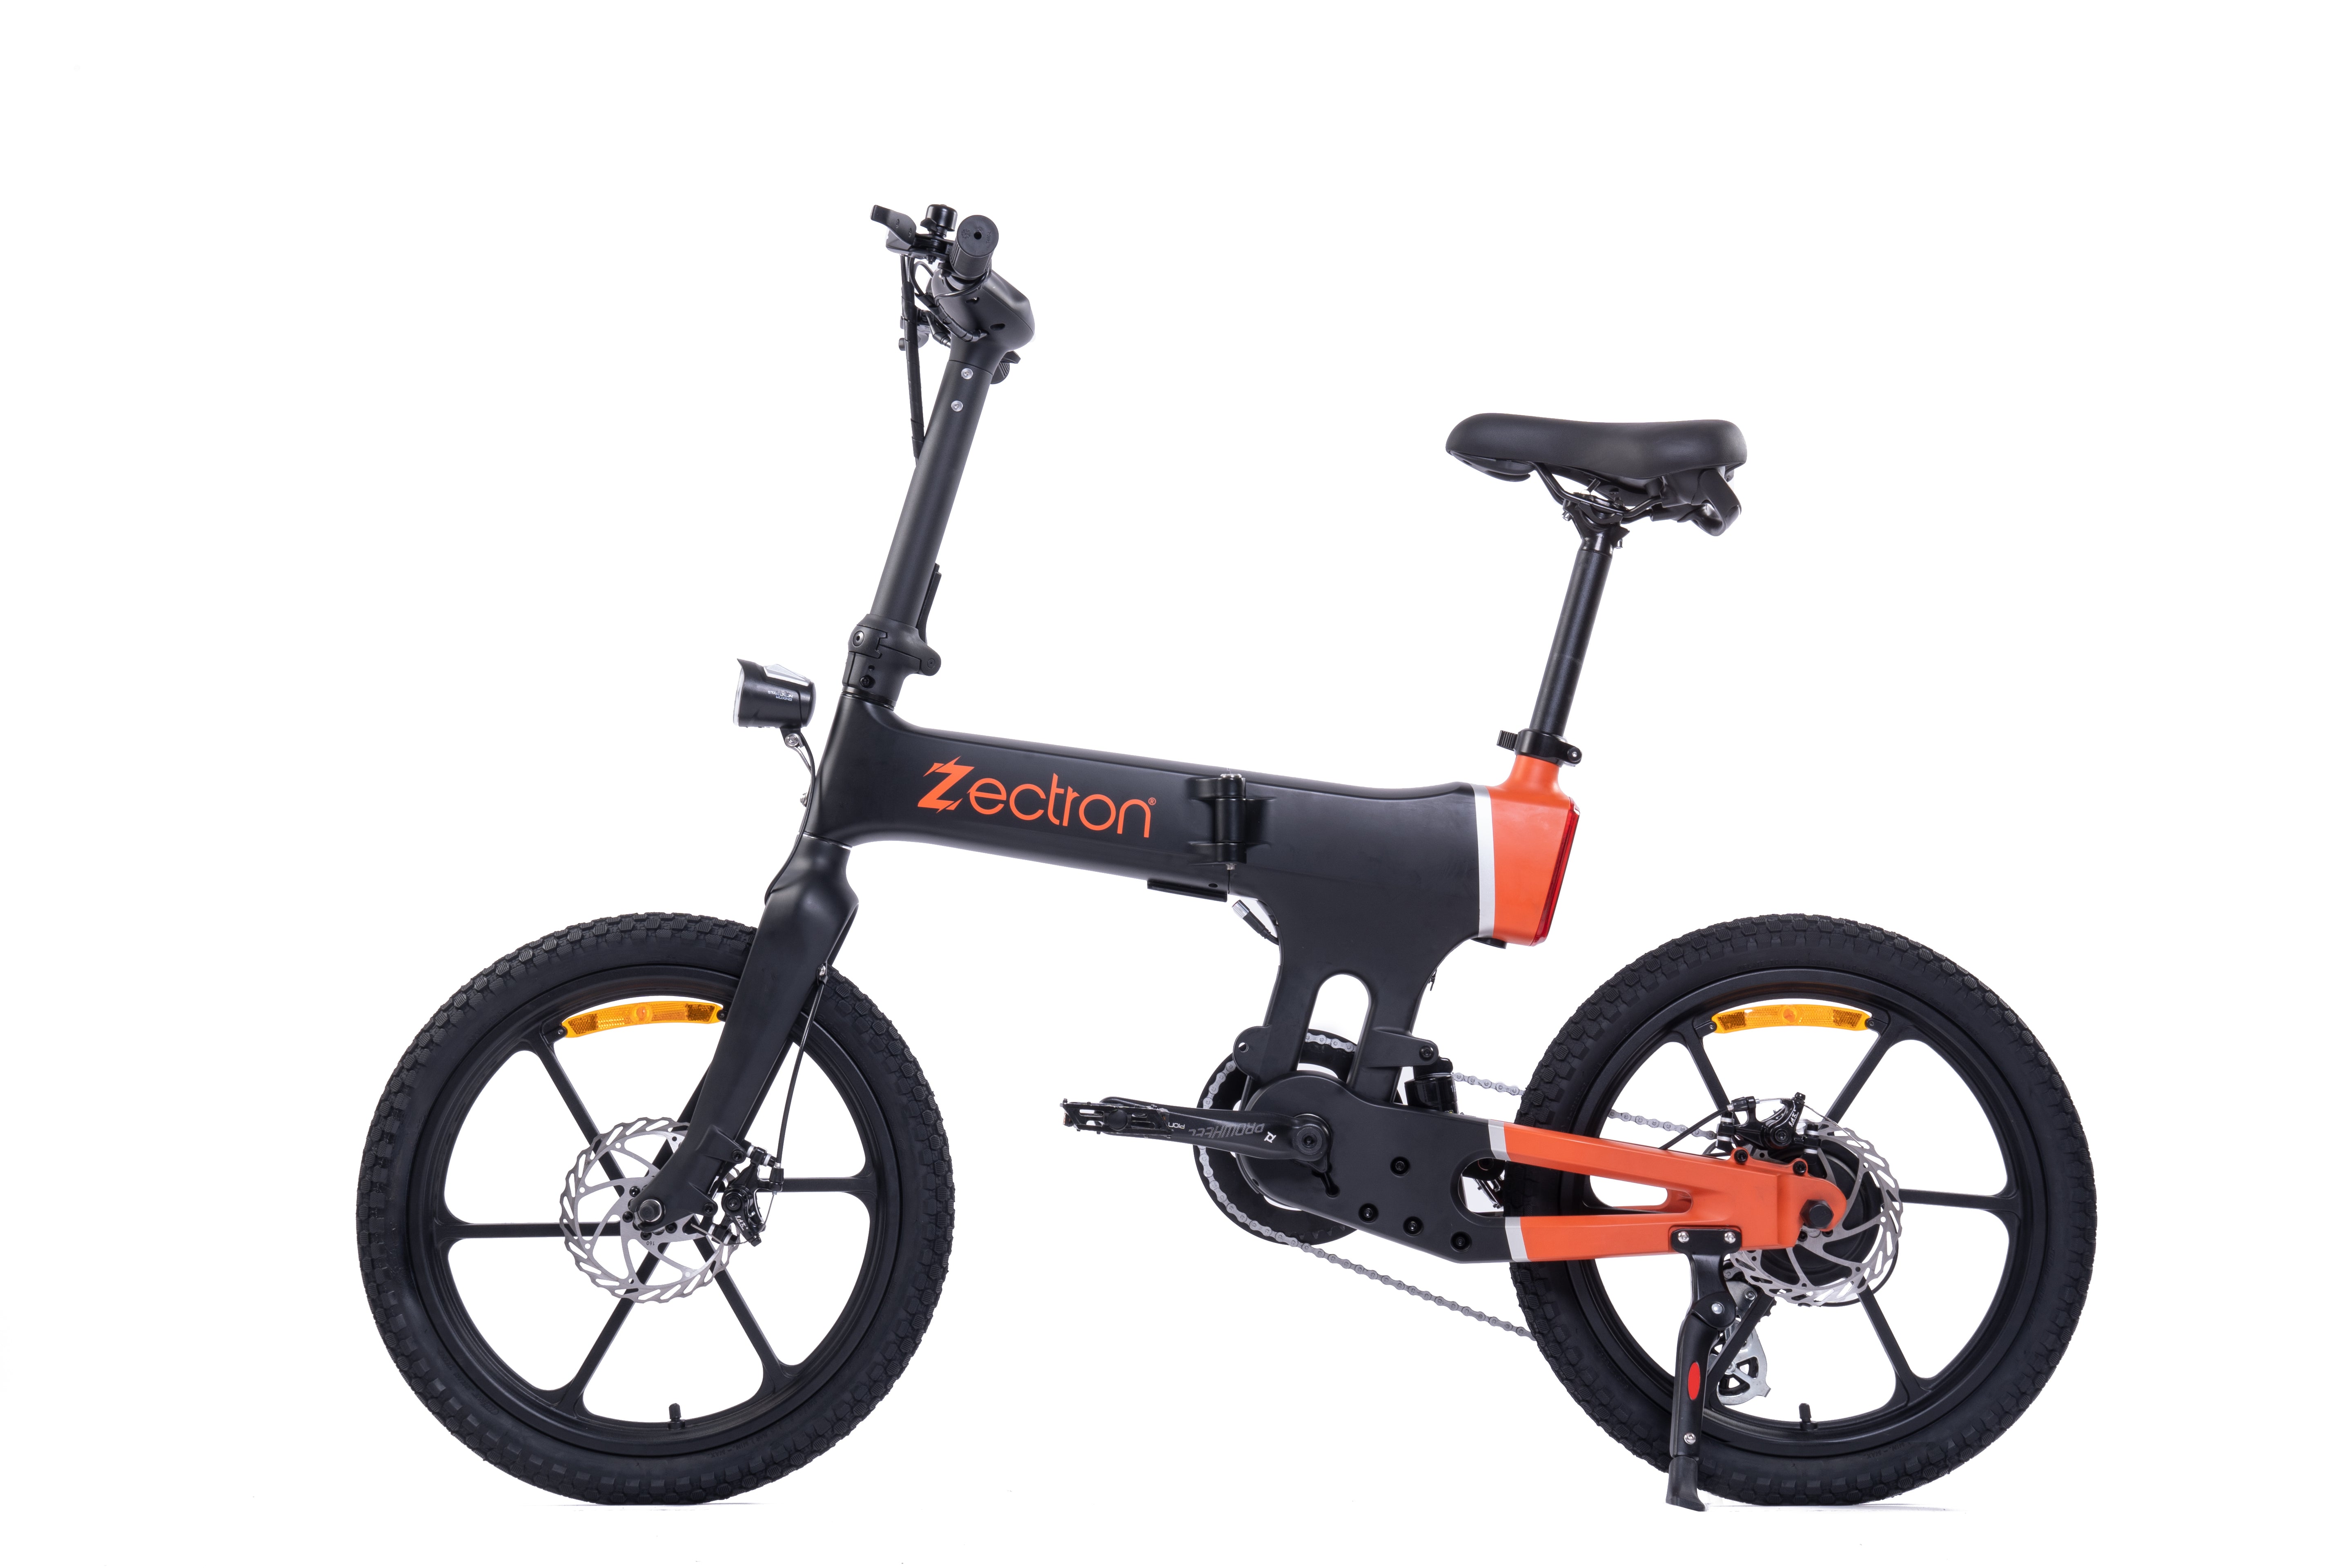 Zectron E-bike
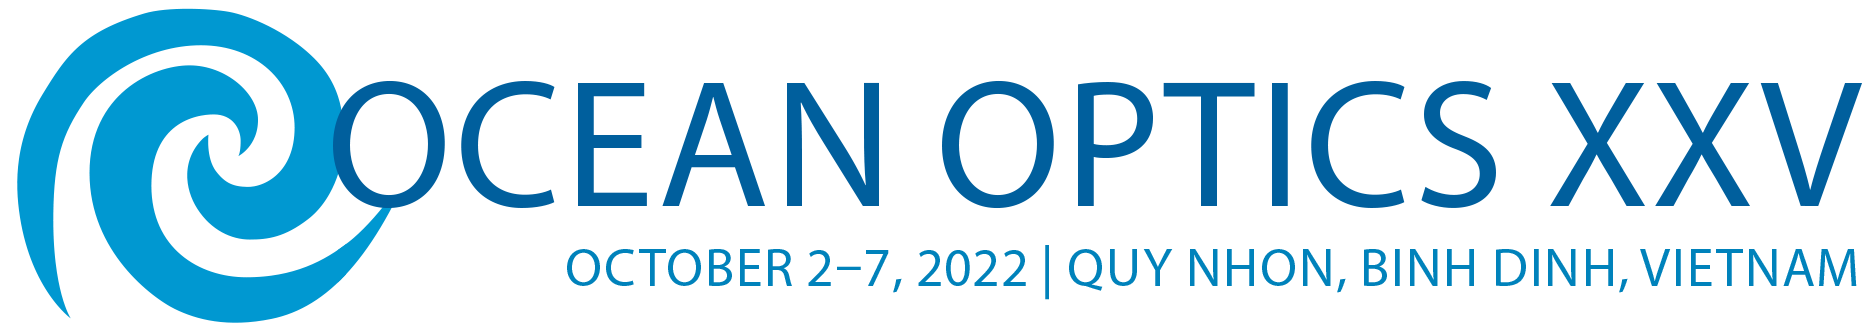 Ocean Optics Conference 2022
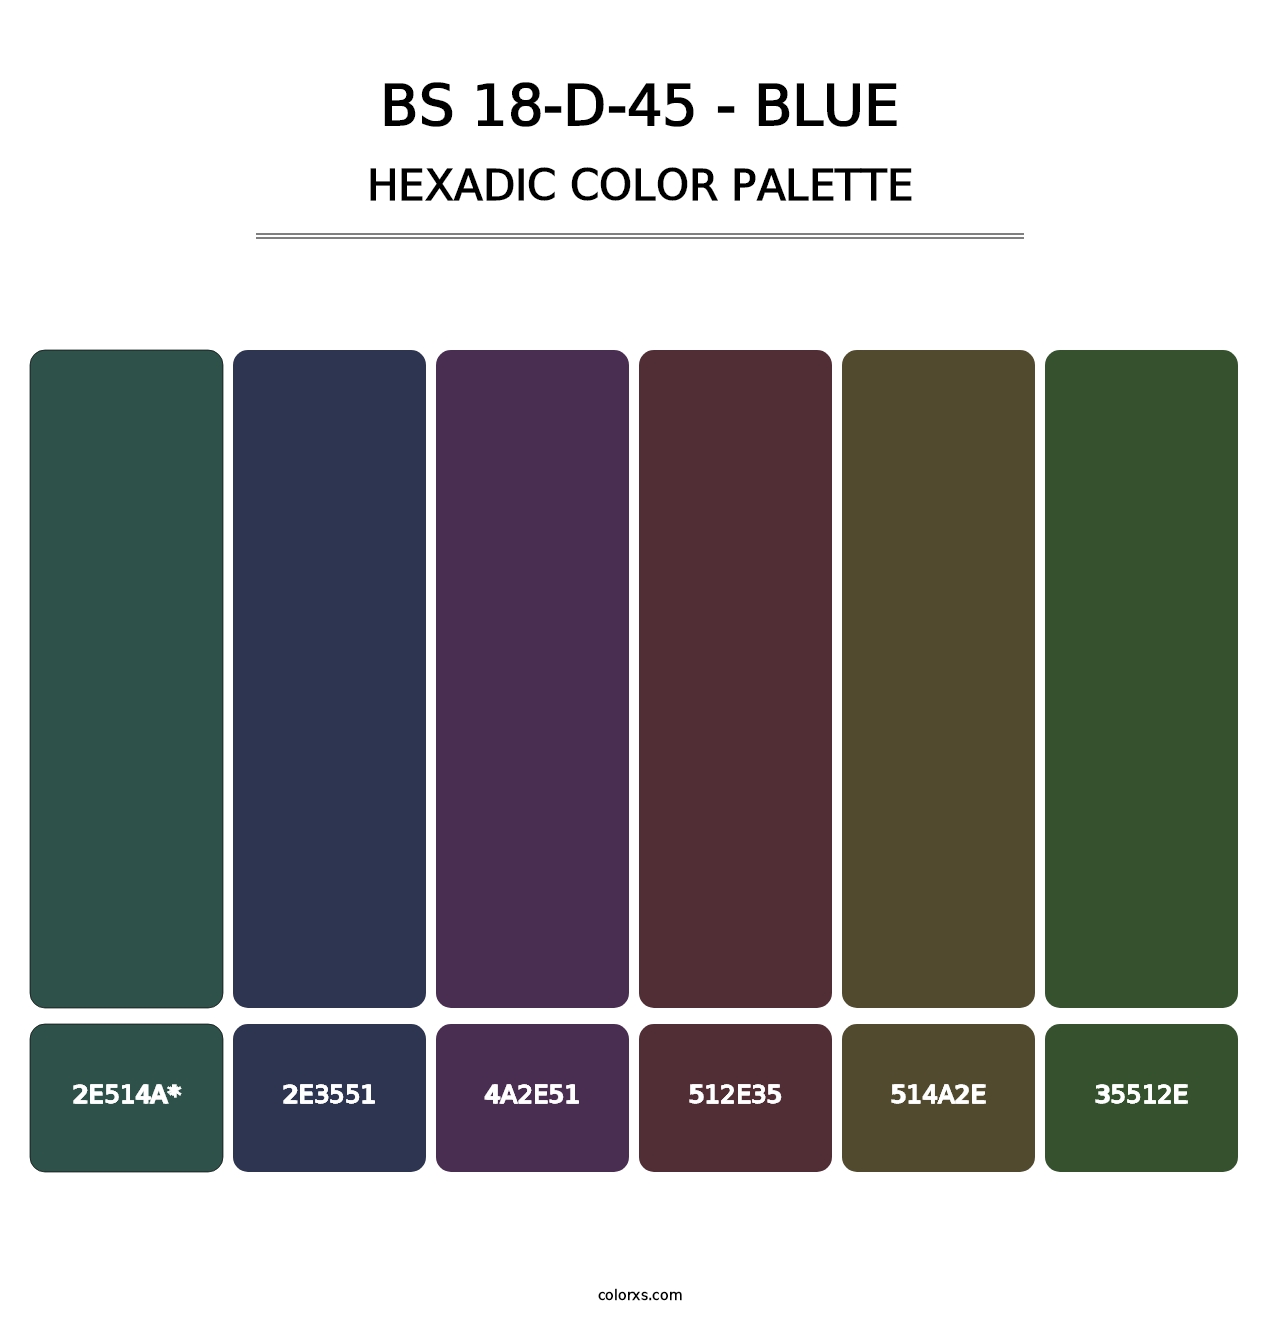 BS 18-D-45 - Blue - Hexadic Color Palette

======

Return every line shown above without changing a word, and skip the pictures.

[Output of the task]
 Zectron E-bike
 Ocean Optics Conference 2022
 BS 18-D-45 - Blue - Hexadic Color Palette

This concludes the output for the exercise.